From Batch to Stream: What 2014's Lessons Mean for Today's Pipelines
The tools have changed. The principles haven’t.
This series has been based on a talk from Hadoop Summit 2014. The technology stack — MapReduce, HDFS, Hive, hourly batch partitions — is unmistakably of its era. Nobody starts a new data pipeline on MapReduce in the 2020s.
But rewatch the talk, and something becomes clear: almost nothing in it is about MapReduce. It’s about how to think about data pipelines at scale. The problems it solved — boilerplate explosion, alert fatigue, impact-blind monitoring, self-service reporting — are exactly the problems modern data teams face today.

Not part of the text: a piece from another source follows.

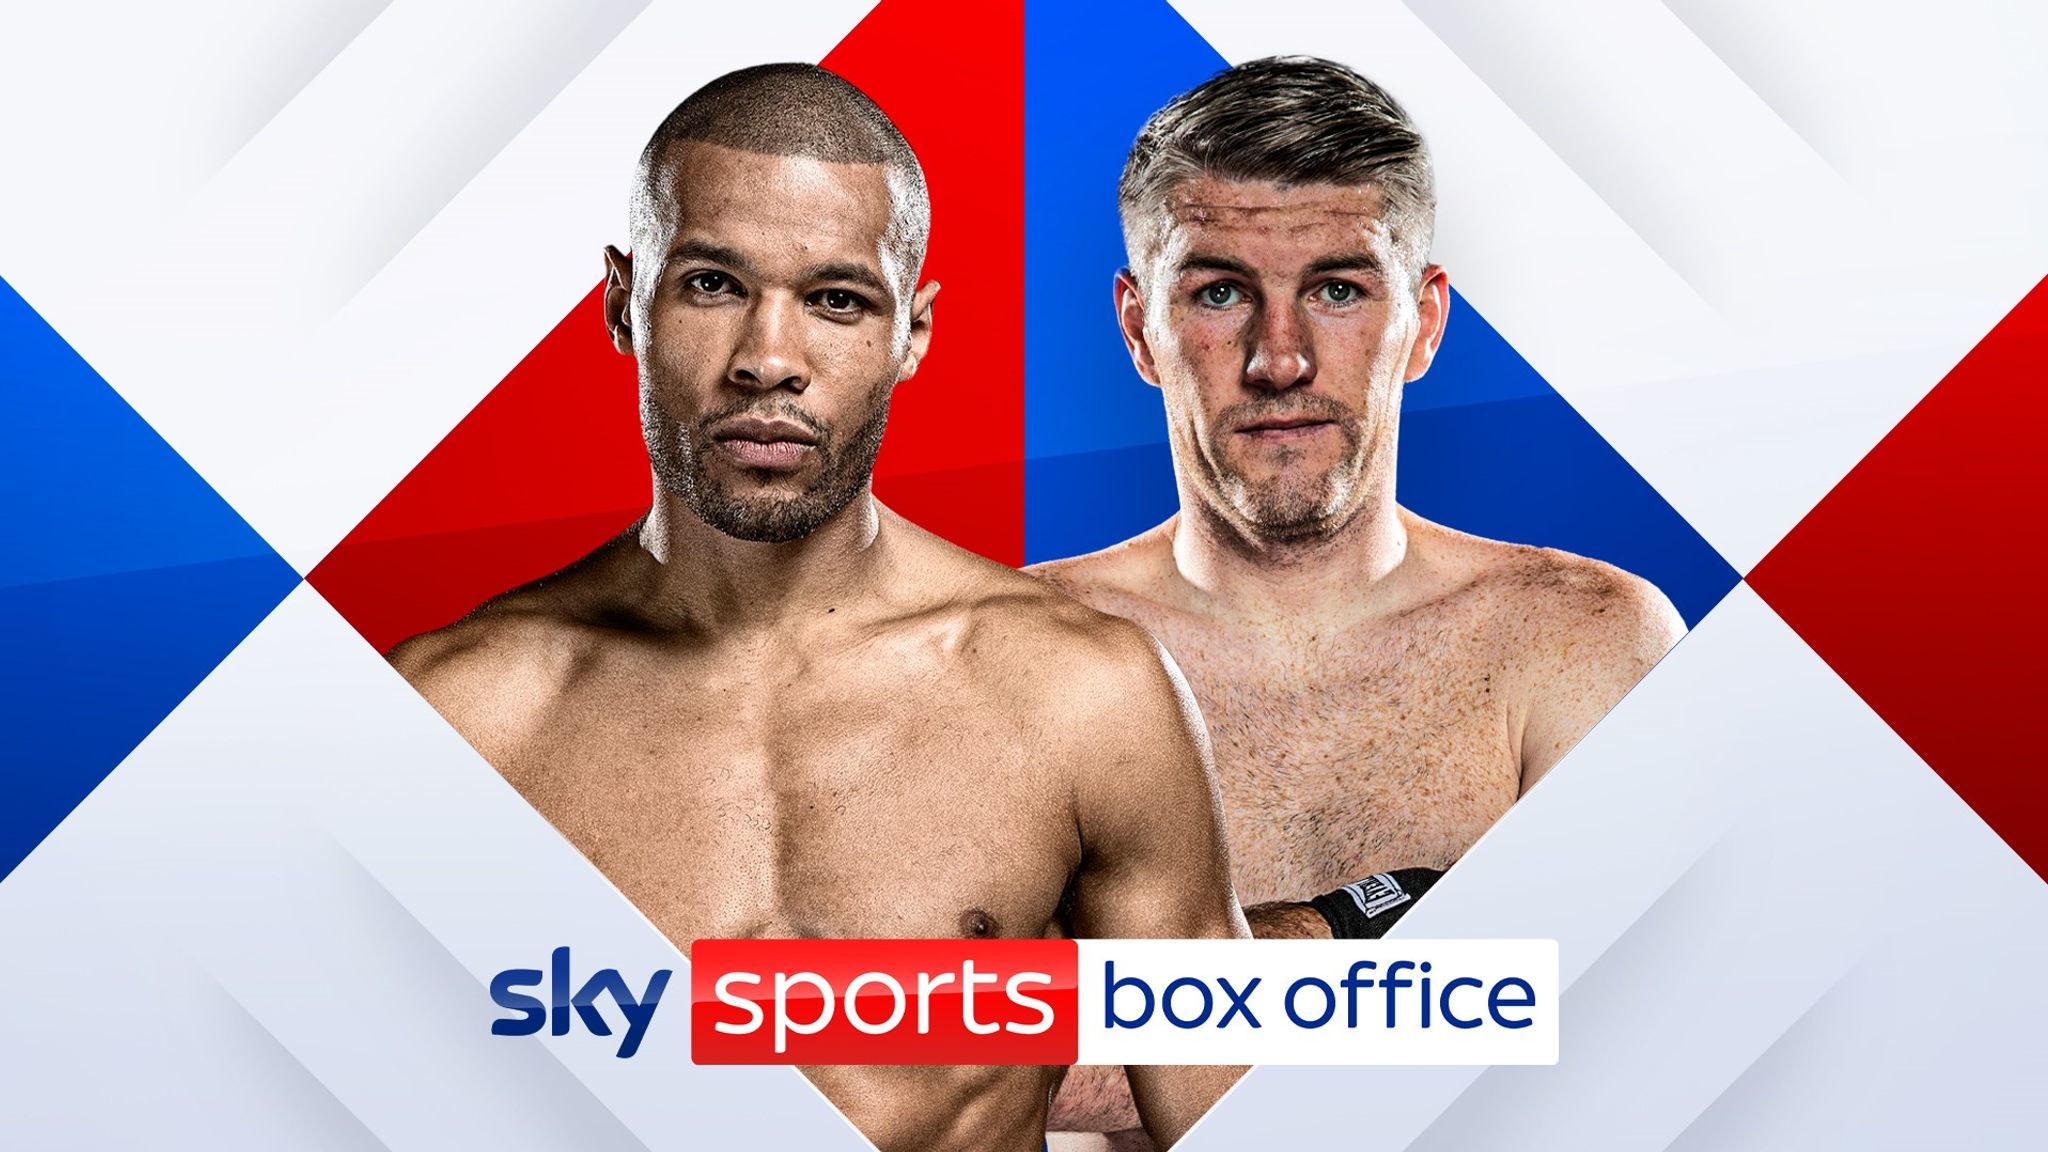 Chris Eubank Jr vs Liam Smith: Preview, Where to watch and Betting odds

This closing post maps the 2014 lessons onto today’s landscape and asks: what would we do differently, and what would we do exactly the same?
What’s Changed Since 2014
The macro shift is from batch to streaming (or at least, streaming-first with batch as a special case):
| 2014 | Now |
|---|---|
| MapReduce (Java) | Flink, Spark Structured Streaming, Kafka Streams |
| HDFS (hourly partitions) | Kafka topics, Iceberg/Delta Lake tables |
| Hourly batch processing | Real-time or micro-batch (seconds to minutes) |
| Hive for ad-hoc queries | Trino, Spark SQL, BigQuery, Snowflake |
| Custom job scheduler (Scala/Akka) | Airflow, Dagster, Prefect, Temporal |
| Graphite/OpenTSDB | Prometheus, Grafana, Datadog |
| Custom reporting portal | Looker, Metabase, Superset, Hex |
The tooling is dramatically better. But the architectural patterns — and the failure modes — are strikingly similar.
Lesson 1: DSLs Are More Relevant Than Ever
BeaconSpec (Post 2) was built because hand-coding MapReduce jobs for every metric was unsustainable. Today, nobody hand-codes MapReduce — but the DSL impulse has spread everywhere.

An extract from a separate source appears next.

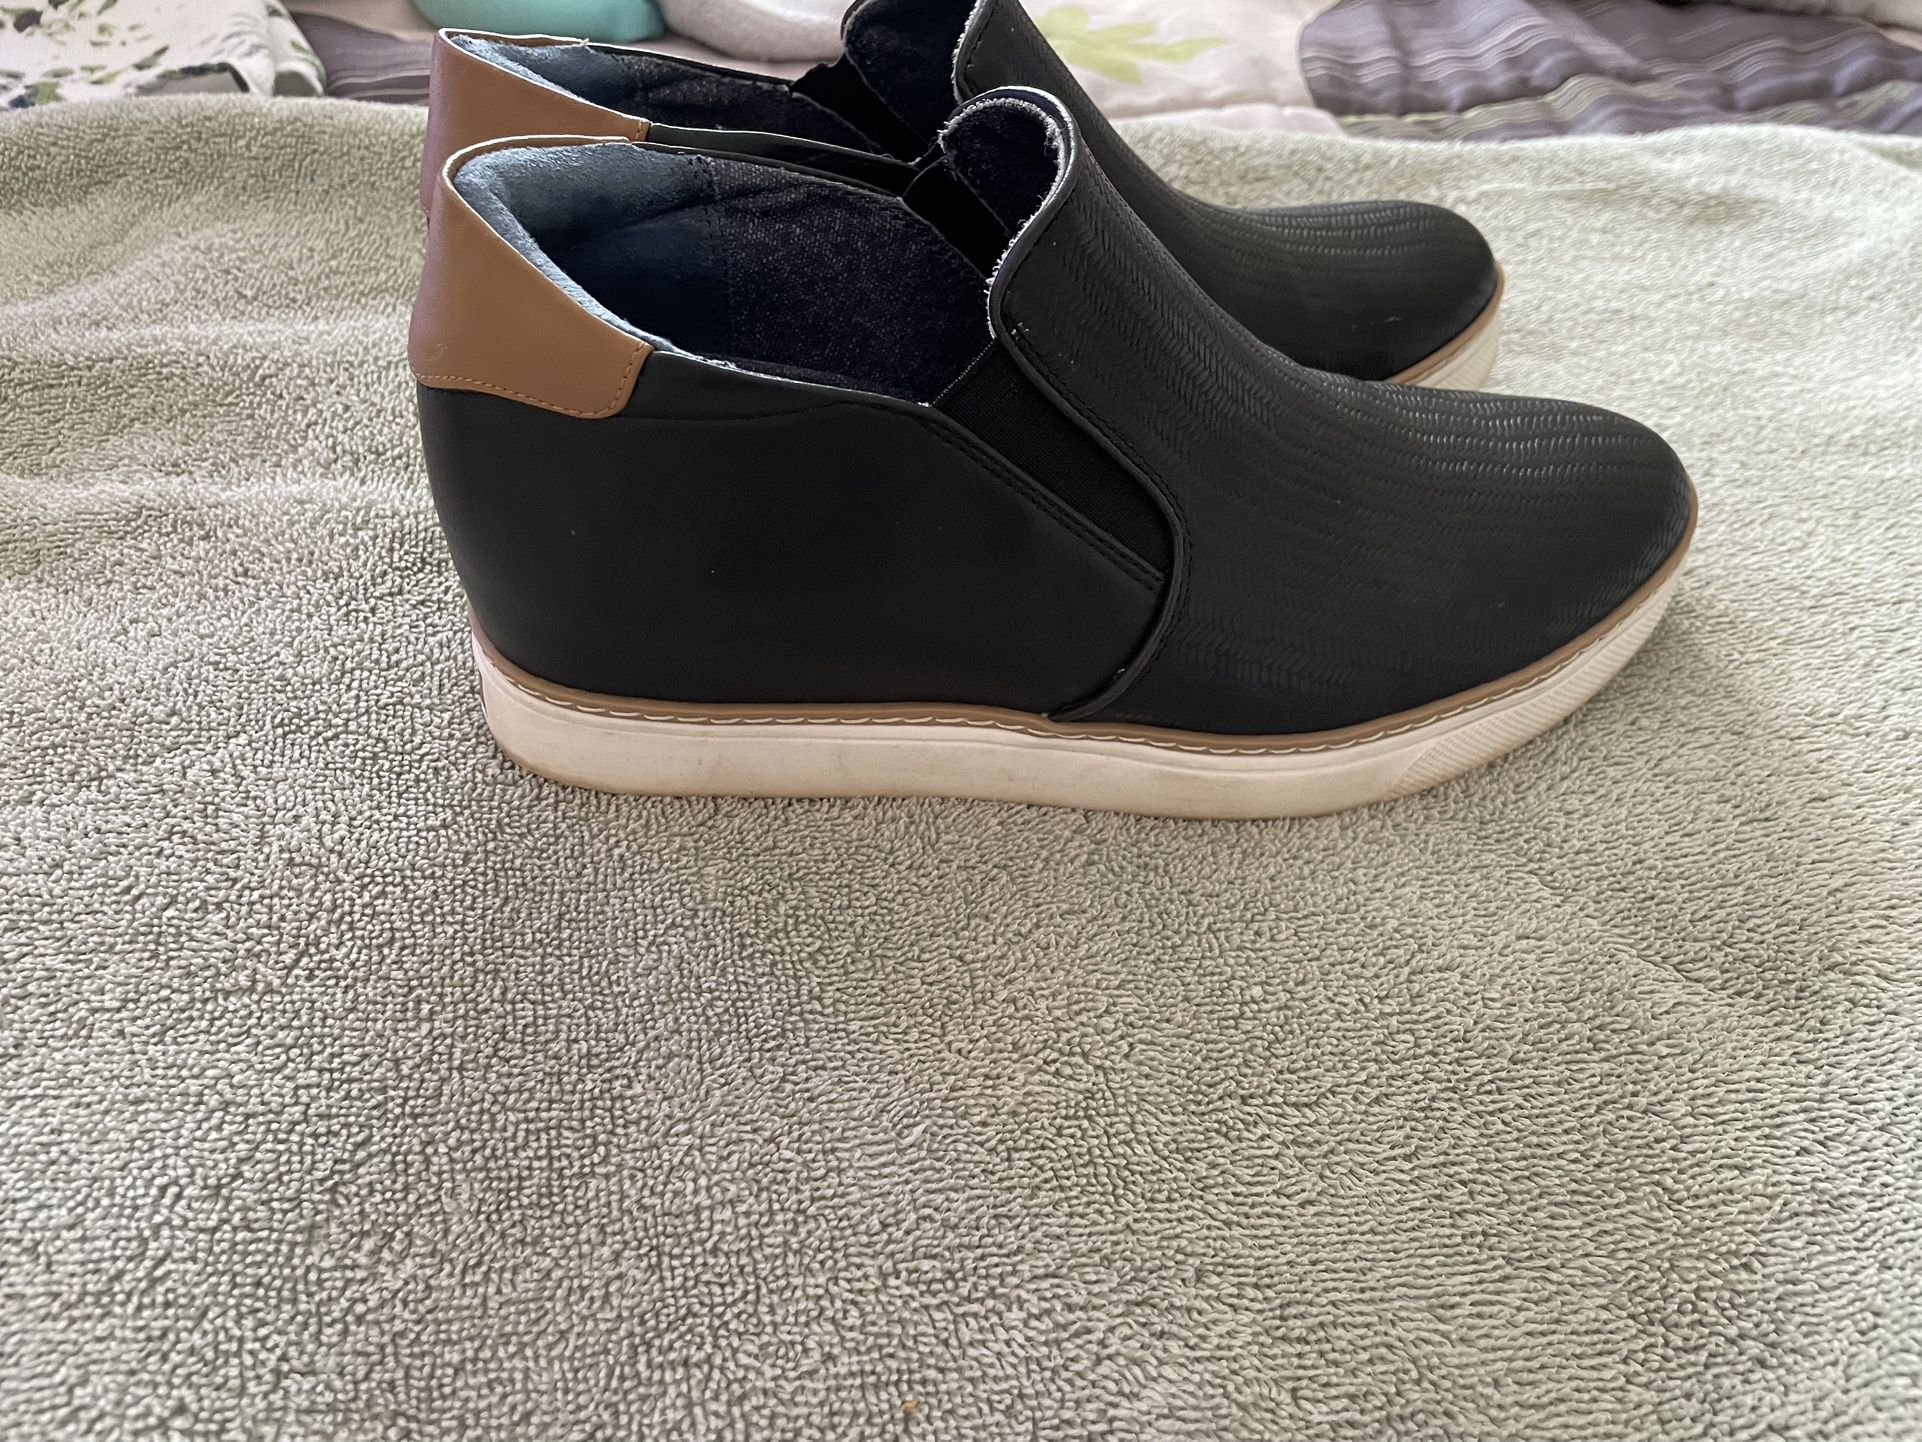 Women’s Dr. Scholl’s black ankle wedge booties size 8.5

Modern DSLs for Data Pipelines
| System | DSL | What It Replaces |
|---|---|---|
| dbt | SQL + Jinja + YAML config | Hand-written ETL scripts |
| Dataform | SQLX (SQL + JavaScript) | Manual BigQuery pipeline management |
| Apache Beam | Unified API (Java/Python/Go) | Platform-specific streaming code |
| Flink SQL | SQL over streams | Imperative Flink Java/Scala |
| KSQL / ksqlDB | SQL over Kafka topics | Kafka Streams Java API |
| Terraform / Pulumi | HCL / TypeScript | Manual infrastructure provisioning |
| Great Expectations | Declarative data quality specs | Ad-hoc validation scripts |
The pattern is identical to BeaconSpec: declare what you want computed, and let the framework handle how. dbt is, in many ways, the spiritual successor to BeaconSpec — it lets analysts write metric definitions in a high-level language (SQL + Jinja), and generates the execution plan, dependency graph, tests, and documentation automatically.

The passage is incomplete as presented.